Cómo enseñar en el aula universitaria

 Cómo enseñar en el aula universitaria

 

Agustín de la Herrán y Joaquín Paredes (coords.)

Pirámide, Madrid, 2010

 

El llamado proceso de Bolonia, según los coordinadores de esta obra —en la que participan otros 11 reconocidos profesores universitarios—, es una oportunidad para que la pedagogía y la didáctica entren por la puerta grande de la universidad y vayan produciendo un “consenso sobre una enseñanza menos transmisiva y organizada en torno al profesor y, por ende, más centrada en la actividad del estudiante y más aplicada”.

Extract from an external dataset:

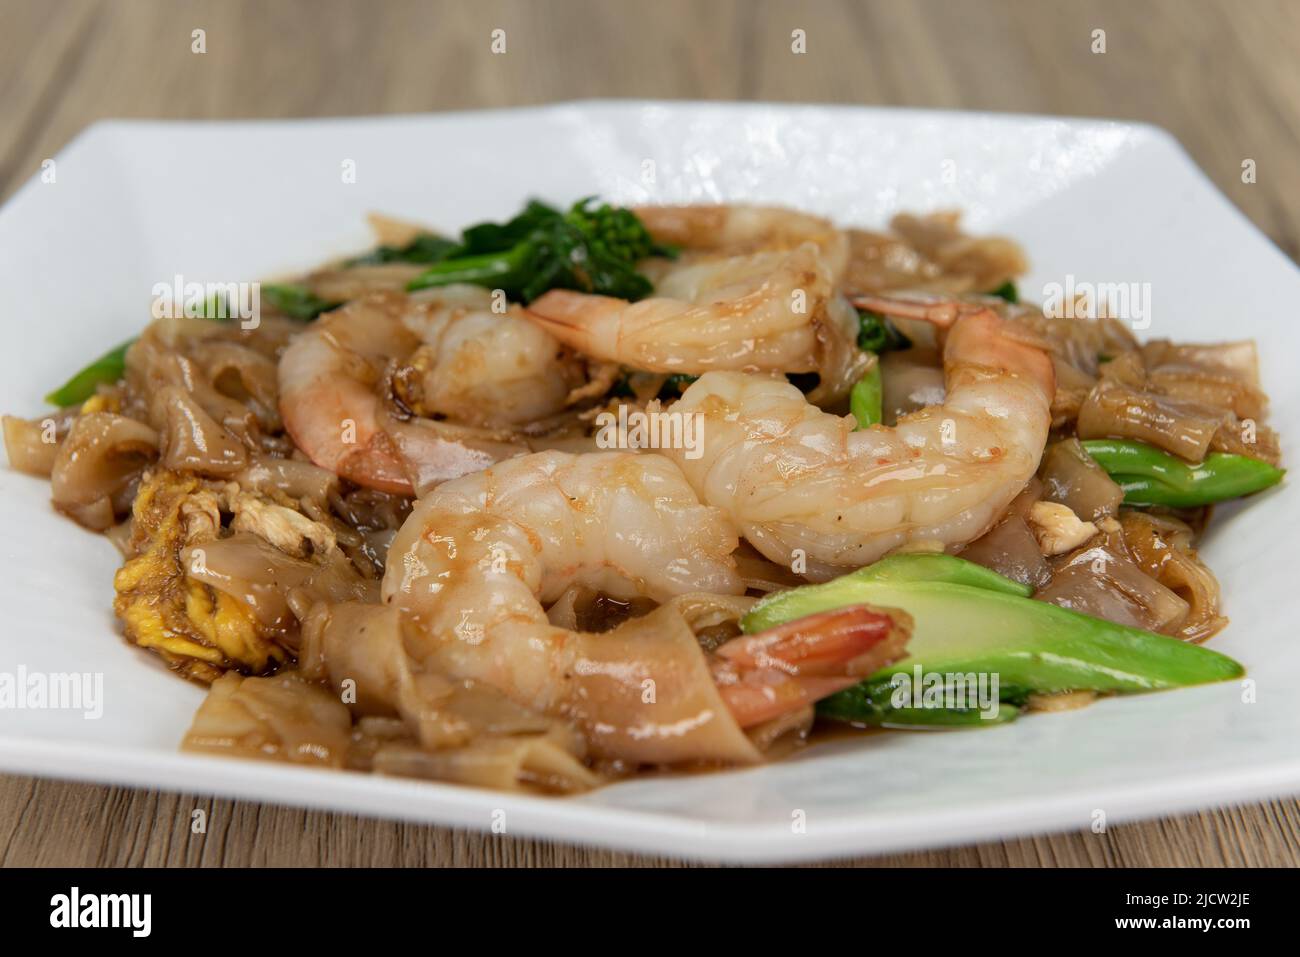 Appetizing plate of pad see-ew with large shrimp garnishing the top and ready to eat. Stock Photo

En las diversas aportaciones se ponen de relieve las posibilidades y las dificultades para que esta necesaria revolución didáctica opere en esta vieja institución. El diagnóstico inicial de Agustín de la Herrán no invita al optimismo cuando señala un conjunto de disparates relacionados con la finalidad de la enseñanza universitaria, la formación del profesorado y su tradición, que formula con vehemencia: “Algunos docentes no se consideran a sí mismos profesores, sino profesionales e investigadores ‘con carga docente’... La formación de los alumnos no es lo que más importa en general a los docentes. Lo que polariza su interés es el propio CV y la preeminencia del propio ‘clan académico’ ”.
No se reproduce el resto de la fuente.